Моя бабушка смотрит на свои юношеские фотки и говорит: красивая же была тогда, а постоянно собой недовольна, очень себя не любила. И вспоминает свои романы, переписки в письмах через океан, походы. Туфли и платья тоже вспоминает, и как любила краситься, пока глаза не стали реагировать на любую косметику. Мне кажется, мы с ней очень похожи.
Мама вспоминает в свои "ближе к пятидесяти" в основном детей. Она всё же слишком рано родила. Вспоминает фестивали, много работы, дети-дети-дети. Друзья, всё те же фестивали и выезды. У мамы было поскучнее, и мне не хотелось бы её молодость.

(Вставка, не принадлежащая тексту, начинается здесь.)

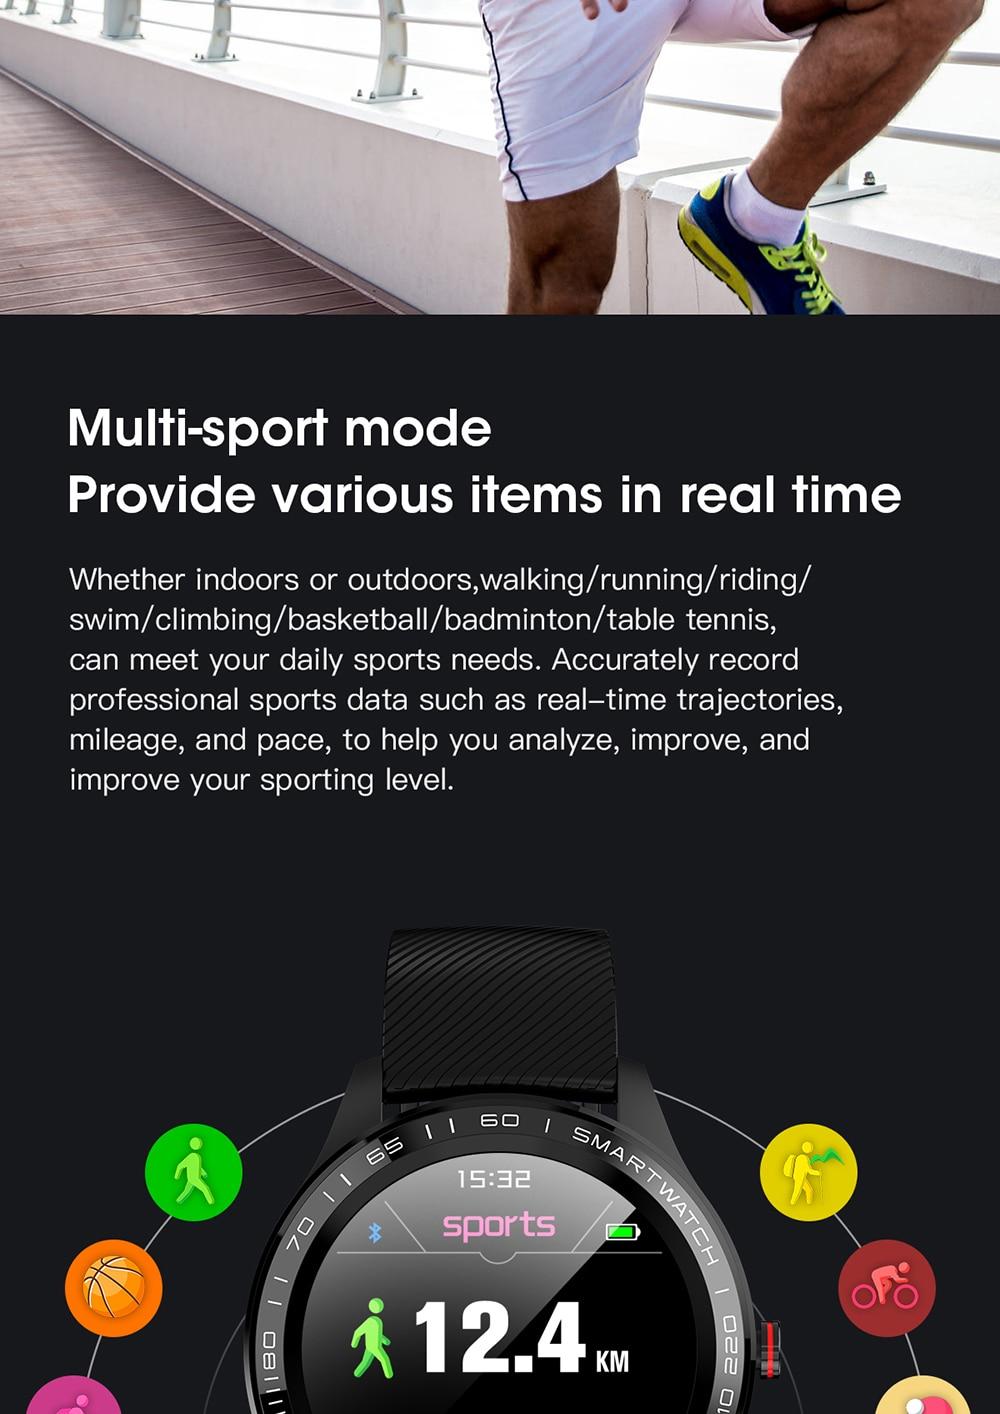 Hc027bed8ccfa47da83668f1d787049fbS 696 L9 Full touch Smart Watch Men ECG+PPG Heart Rate Blood Pressure oxygen Monitor IP68 Waterproof Bluetooth Smart Bracelet
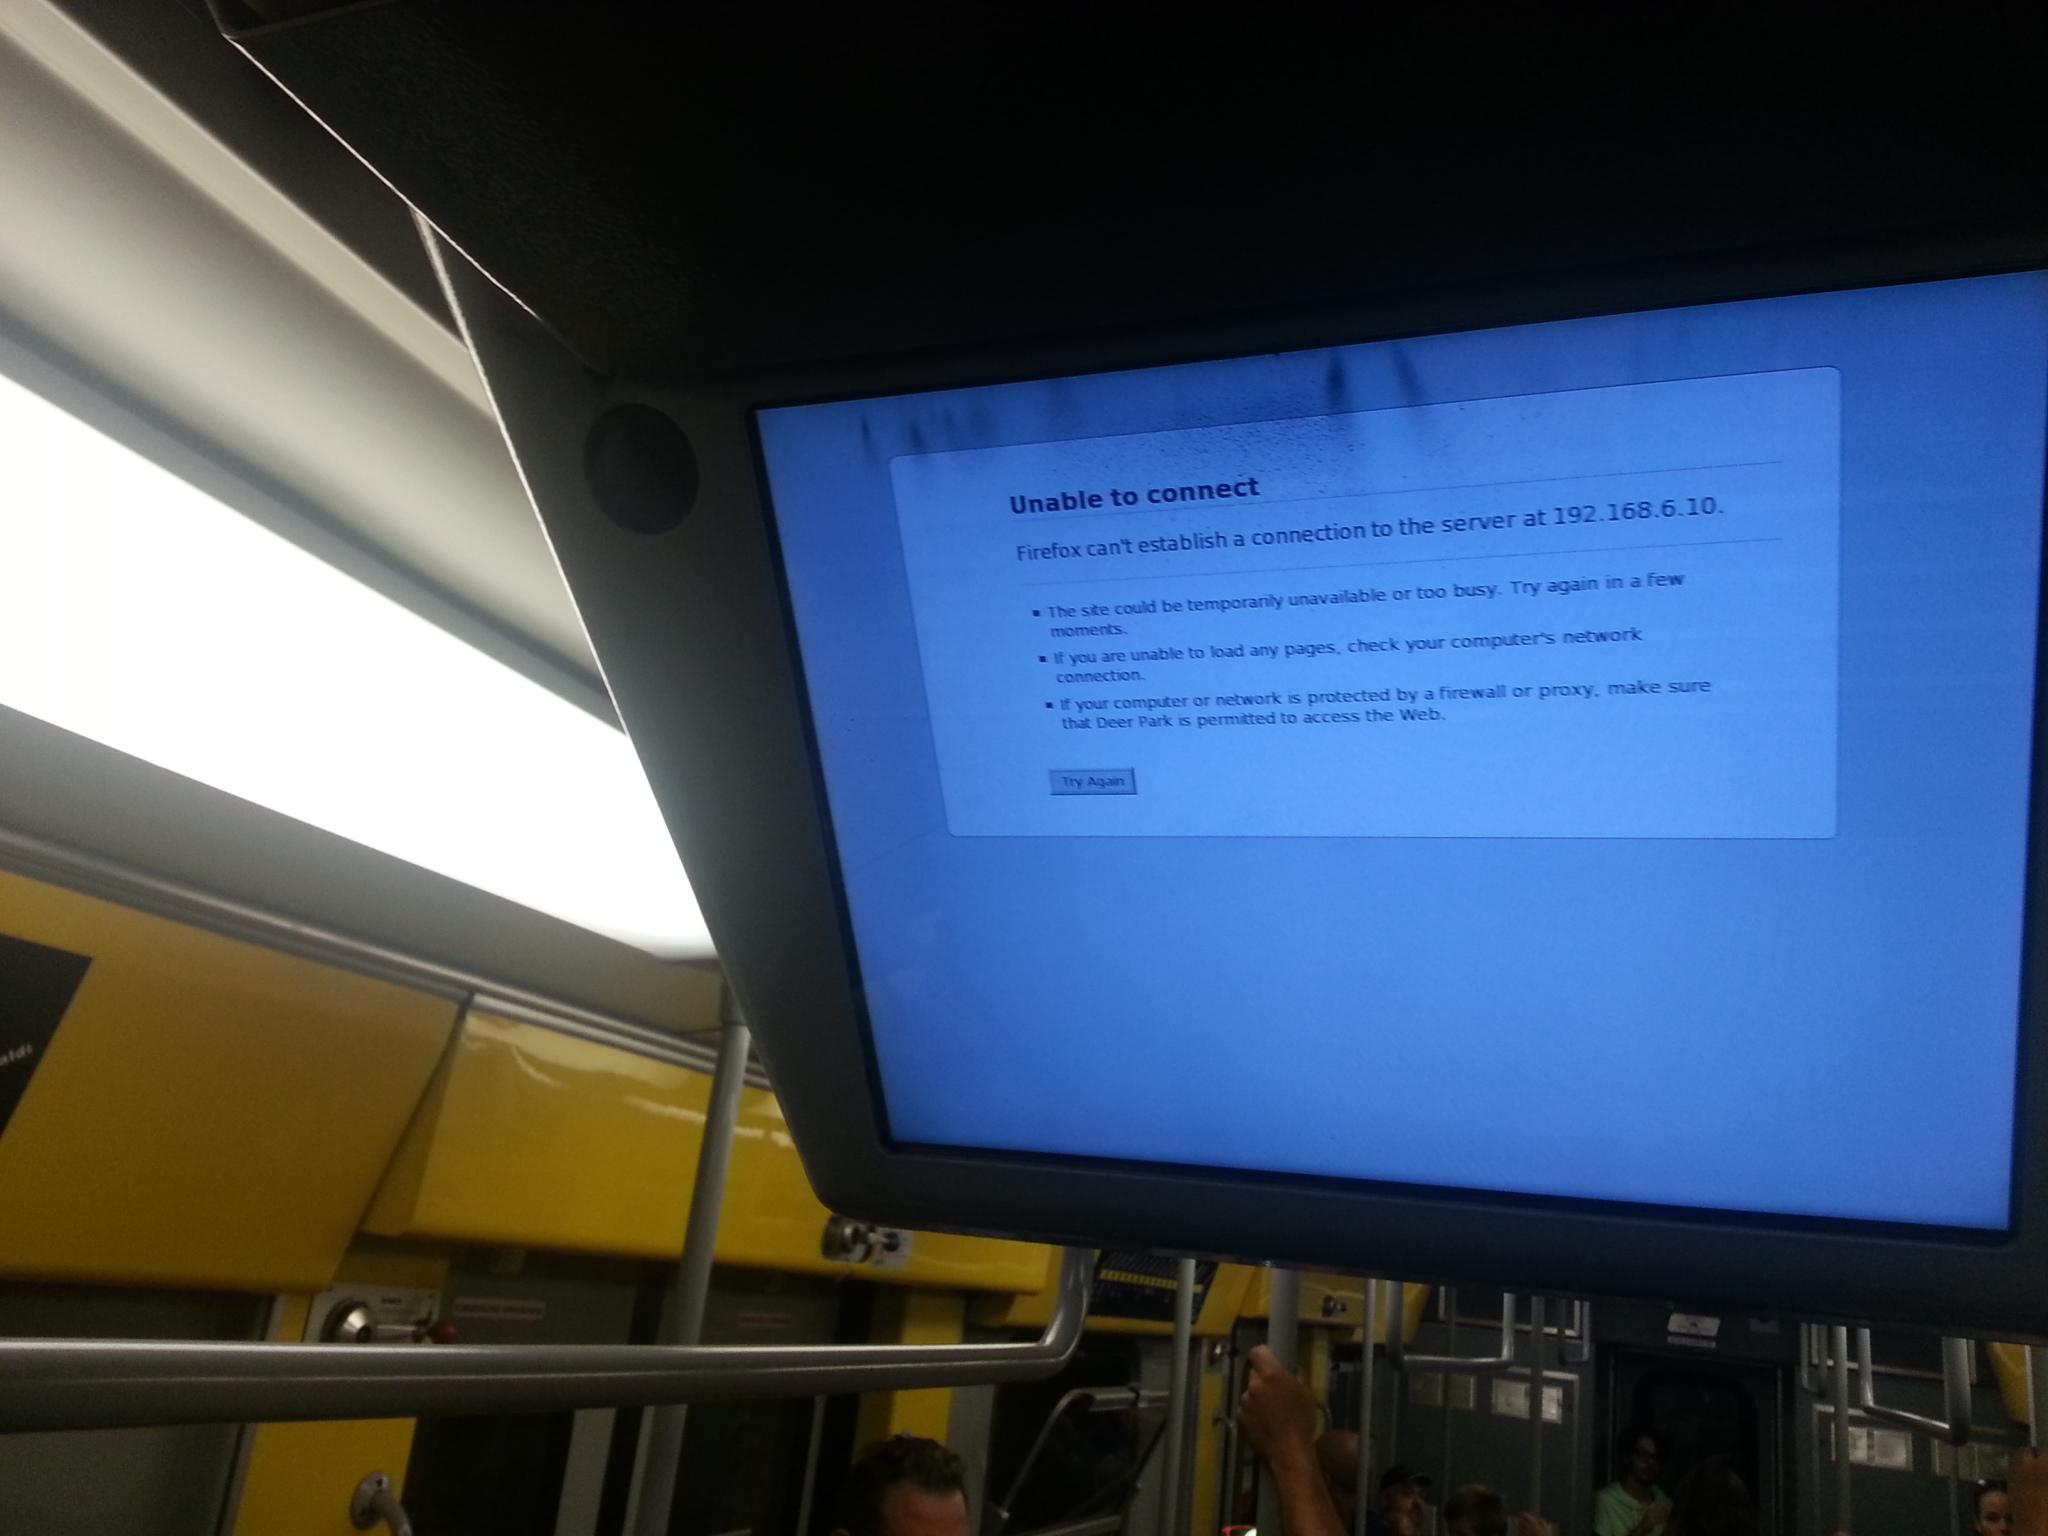 Firefox on Naple's underground. August 2016.

Разве что друзей столько же, близких, которые действительно на расстоянии вытянутой руки.
Папа вспоминает свидания с мамой, как убежал из дома, как мама на пейджер ему скидывала ответы на контрольную работу, как работал на стройке, как ел сырые кабачки, как гуляли ночью и уезжали, куда глаза глядят. Ходит по Нижнему и рассказывает - крышу на этом доме сам делал! Вспоминает работу на выборах, и что было весело. Пьянки-гулянки - вот папина молодость. И совсем чуть-чуть меня.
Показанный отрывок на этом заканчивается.